• Data shown:

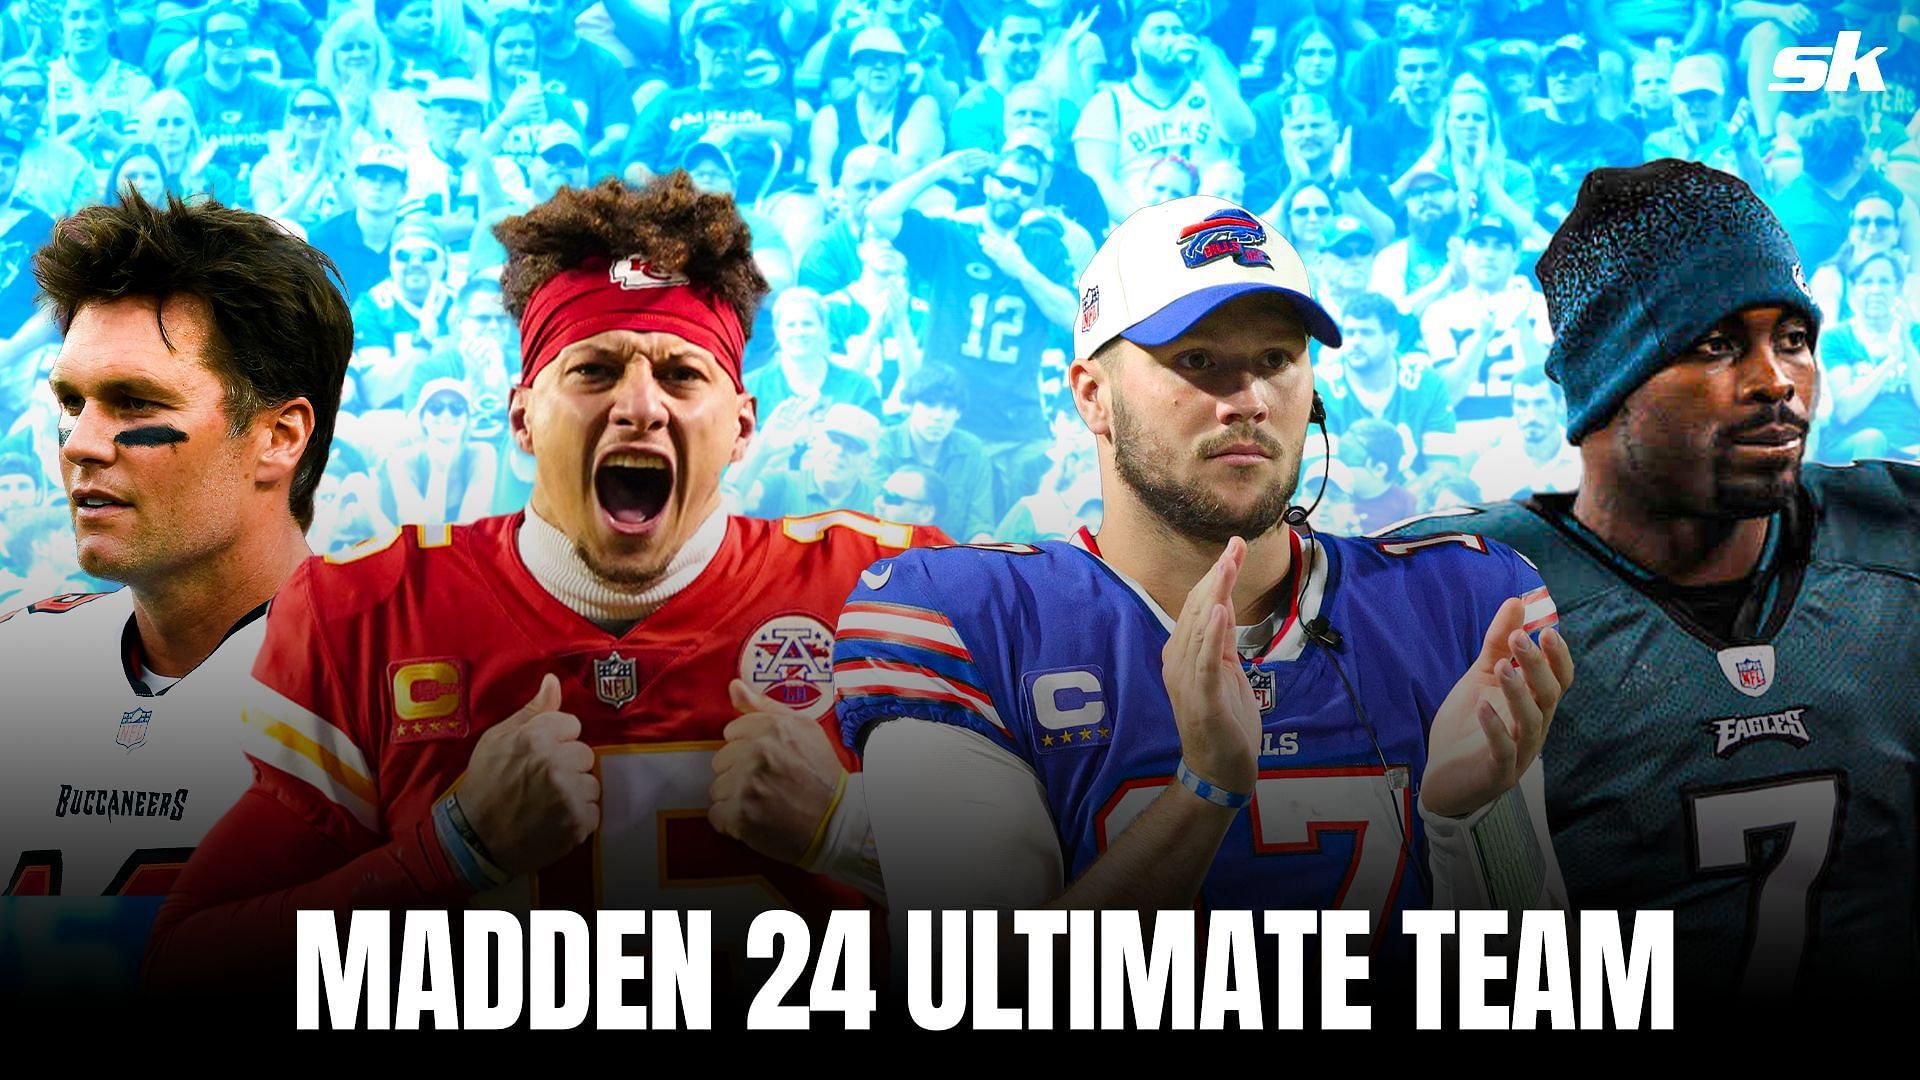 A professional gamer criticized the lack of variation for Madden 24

--

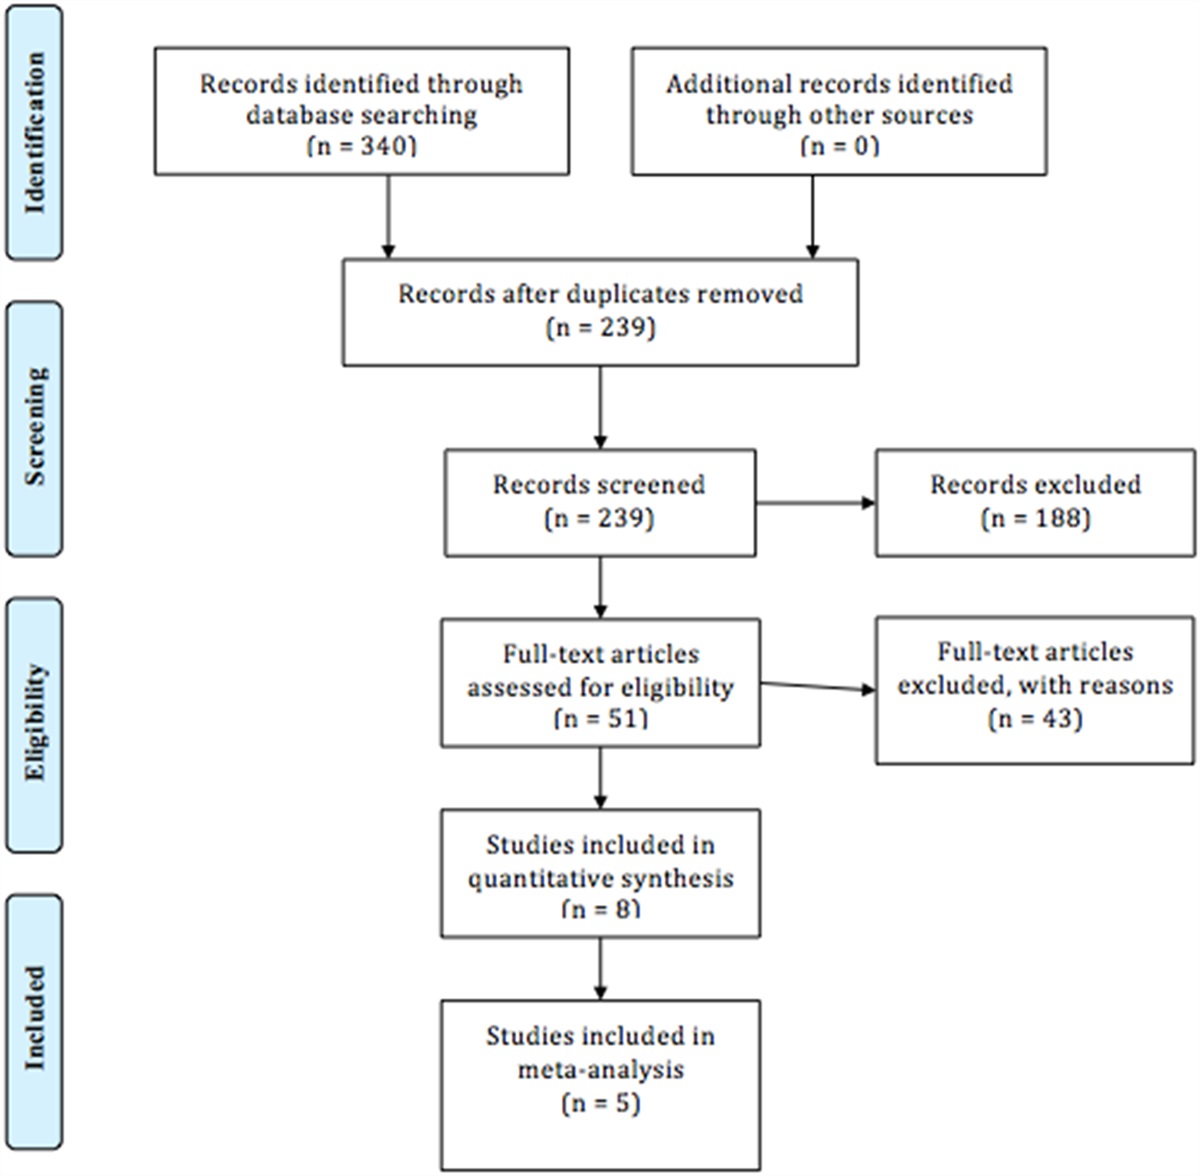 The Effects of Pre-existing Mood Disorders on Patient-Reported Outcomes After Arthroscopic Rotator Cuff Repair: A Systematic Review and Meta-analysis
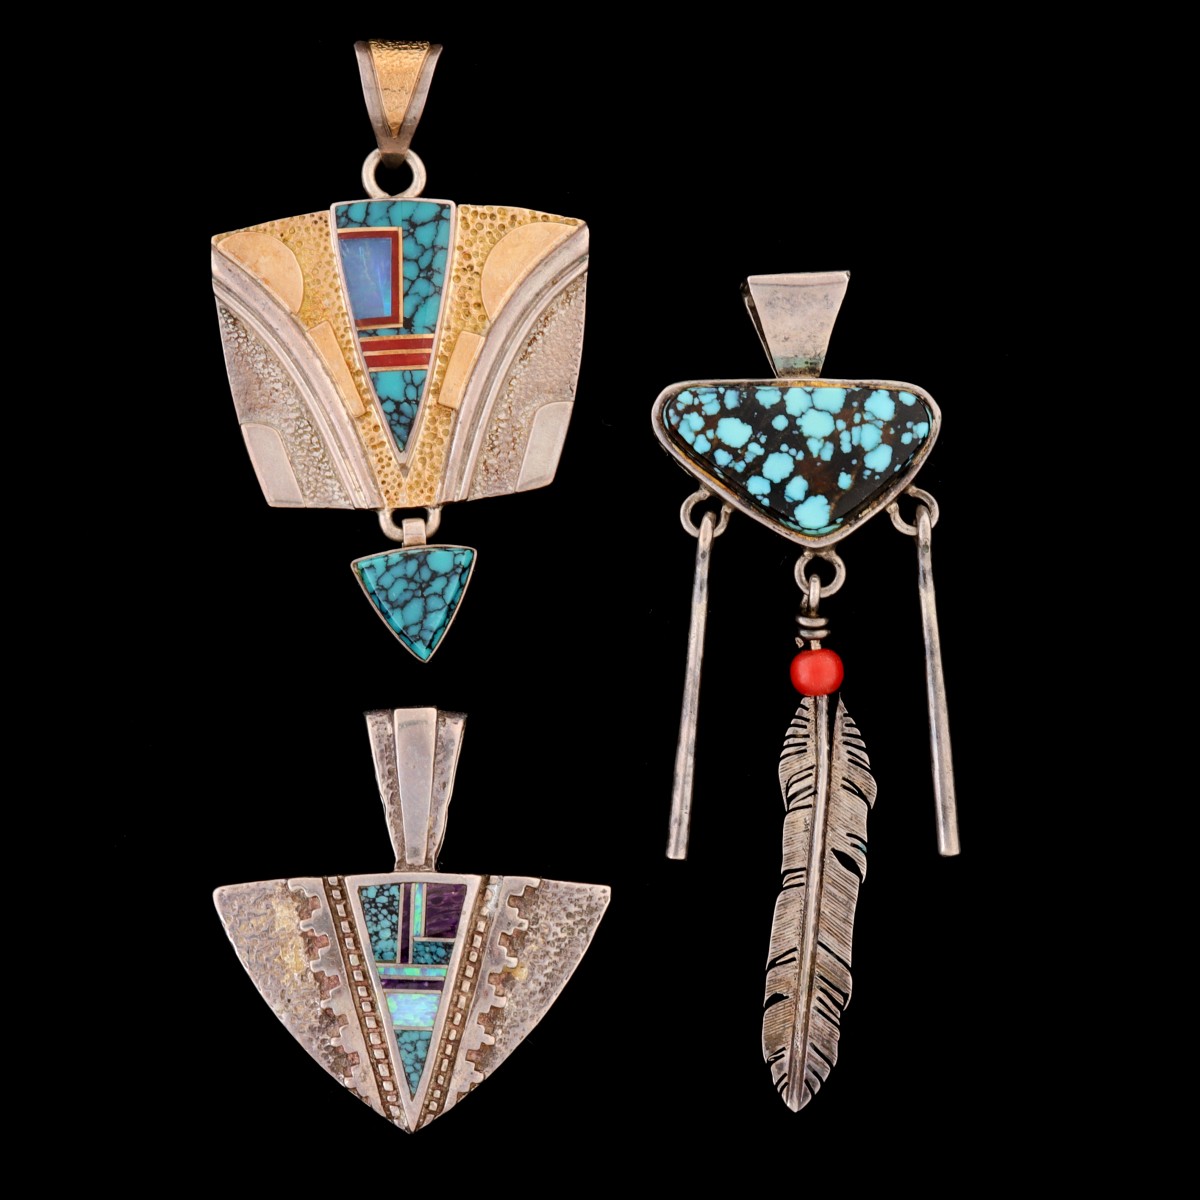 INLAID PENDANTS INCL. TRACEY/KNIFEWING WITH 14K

---

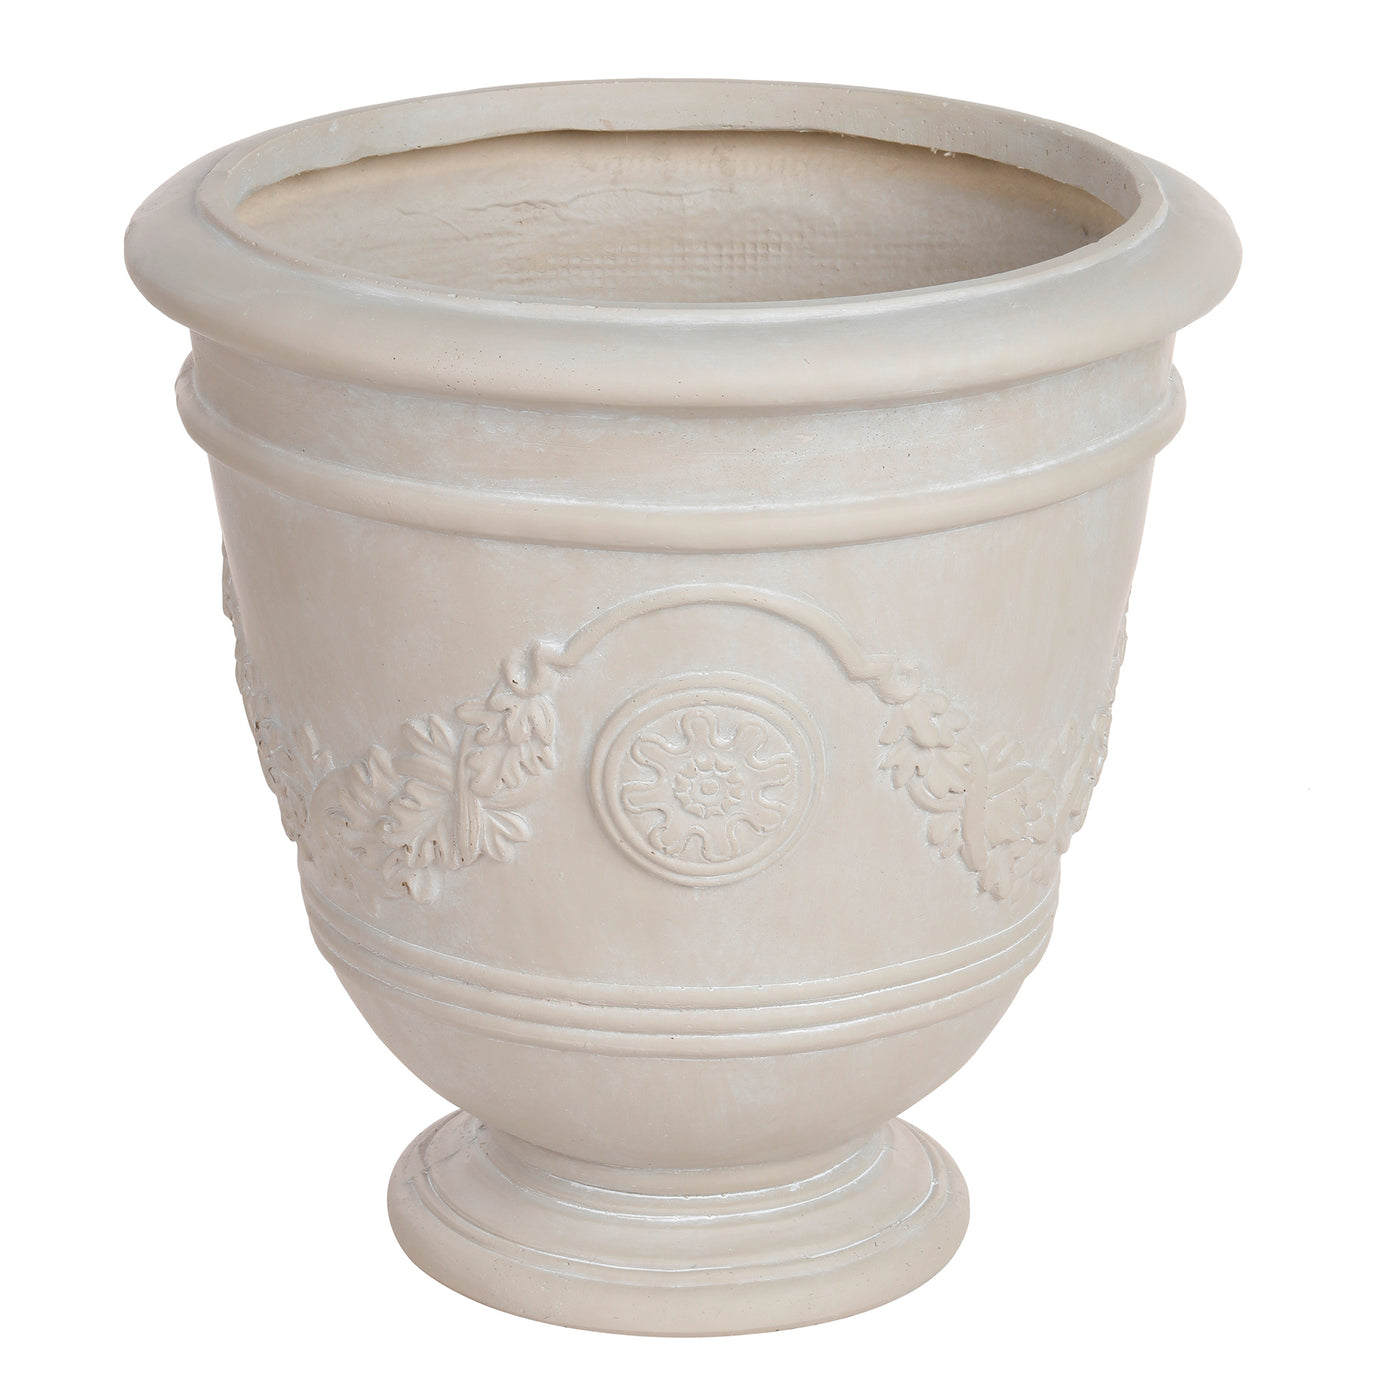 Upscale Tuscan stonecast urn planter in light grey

• Directions: After locating the line containing "The Effects of" in the entries above, return it and every line after it exactly, ending at the line containing "INLAID PENDANTS INCL.", without pictures.

• Your solution:
 The Effects of Pre-existing Mood Disorders on Patient-Reported Outcomes After Arthroscopic Rotator Cuff Repair: A Systematic Review and Meta-analysis
 INLAID PENDANTS INCL. TRACEY/KNIFEWING WITH 14K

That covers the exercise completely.